To assess whether metabolic genes, although weakly expressed, could still localize to anatomical features, we expanded our HybISS approach to include highly variable metabolic genes (Methods). Except for a few cases, metabolic genes were typically noisier than marker genes and less capable of identifying lipid territories than MALDI-MSI data (Extended Data Fig. 10c–e). Only three of the ten most region-predicting genes were metabolic: apobb.1, apoeb and fabp1b.1 (Fig. 5g, Extended Data Fig. 10f and Methods).

Next, we biochemically characterized anatomical regions by performing an enrichment analysis of lipids across the delineated lipid territories and identified the one where each species was maximally abundant (Fig. 6a). Stratifying these assignments by tissue revealed that several regions, including the swim bladder, the digestive system and brain, were predominantly characterized by a few lipid classes. This indicates that lipid species from the same class tend to localize within identical anatomical structures (Extended Data Fig. 10g).

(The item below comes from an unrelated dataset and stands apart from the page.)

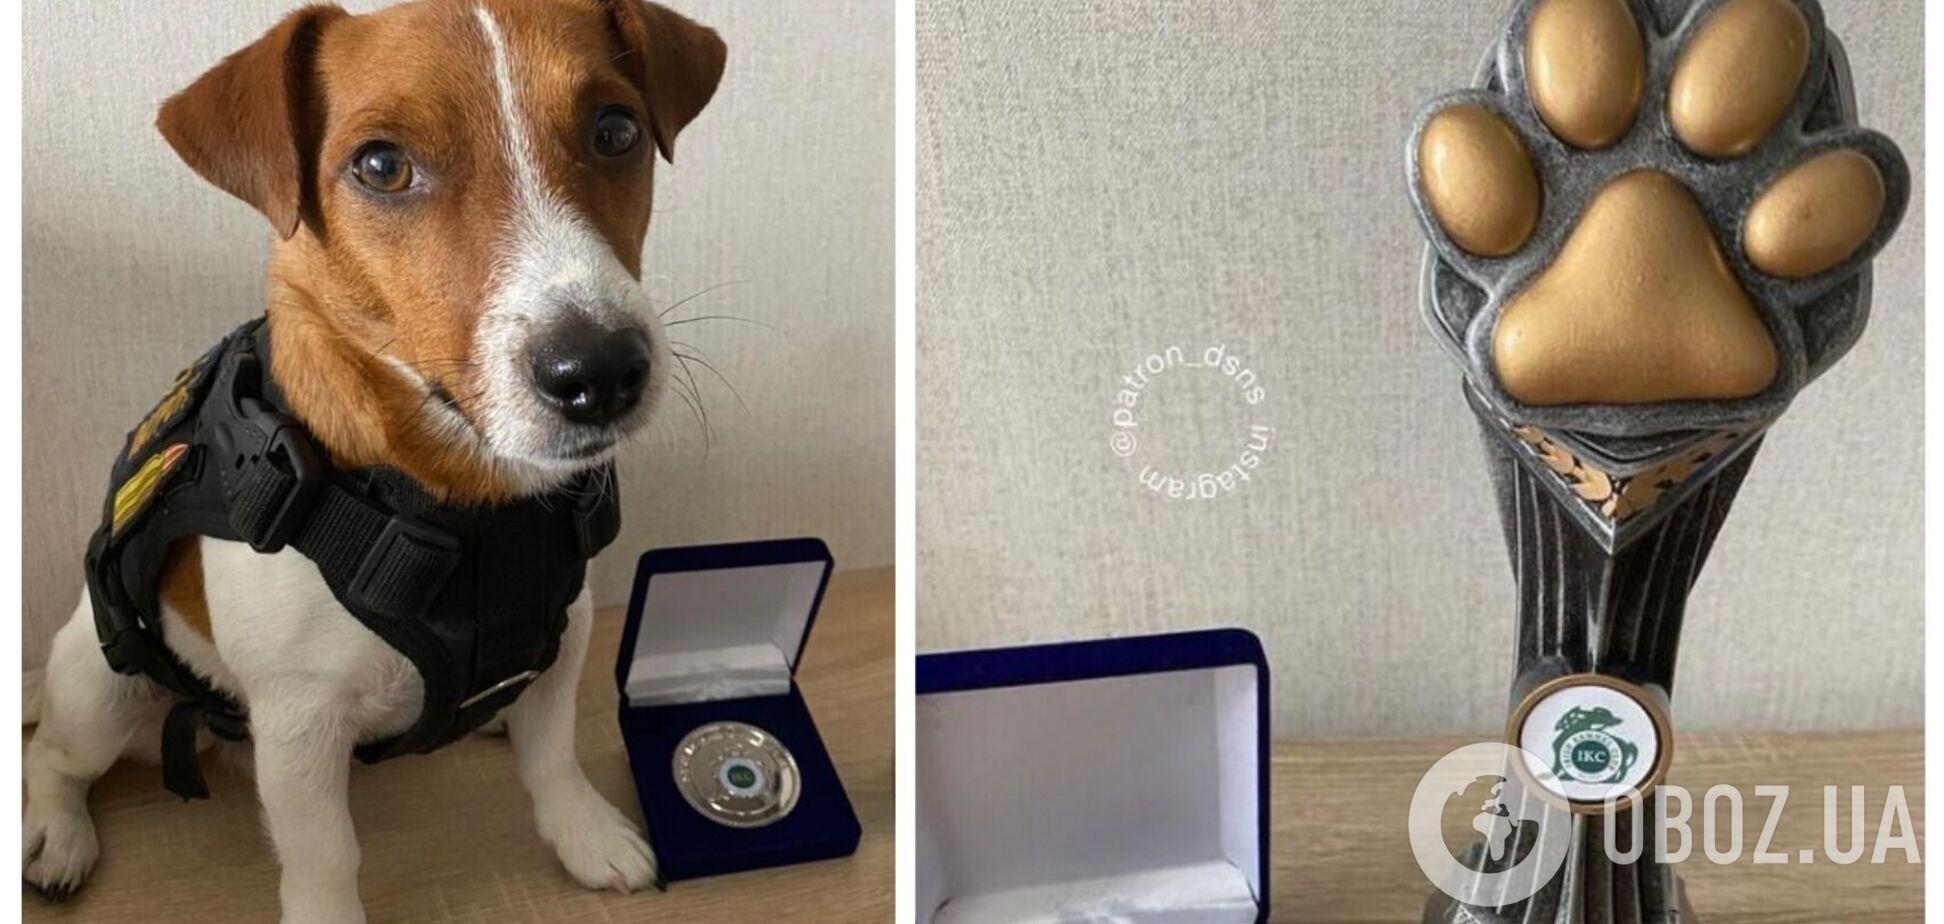 Пес-сапер Патрон получил новую награду и посвятил ее всем служебным собакам. Фото

Fig. 6: Biochemical organization of metabolically defined tissues in the embryonic zebrafish at 72 hpf.
figure 6

a, Enrichment heatmap of lipids within clusters shown in Fig. 5d. b, Mol% composition of metabolite-defined clusters stratified by lipid class for 3D fish (n = 1). Pie plots from left to right show three lipids of increasing concentrations (lowest, median and maximum) and display localization according to mol%. c, Force-directed layout network representation of lipid colocalization. Lipid class is indicated with a color code. Images beside node clusters display representative lipid distribution of node clusters. d, Subset of TG species images (left) with FA compositions (right). Blue and red boxes indicate FAs with low and high carbon content and unsaturations, respectively. e, H&E (top left), brightfield (bottom left), genes from HybISS (top right) and lipids from MALDI-MSI images overlaid (bottom right) from a coronal section through the head of a zebrafish at 72 hpf (n = 1). Scale bars, 100 μm. f, H&E (left), brightfield (middle) and lipids from MALDI-MSI images overlaid (right) from a coronal section through the swim bladder of a zebrafish at 72 hpf (n = 1). Scale bars, 100 μm. g, Representative brightfield (BF) and Oil Red O (ORO) staining of control and sptlc1-mutant fish with a magnified view of the swim bladder in the right column. Scale bars, 1 mm. MO, morpholino.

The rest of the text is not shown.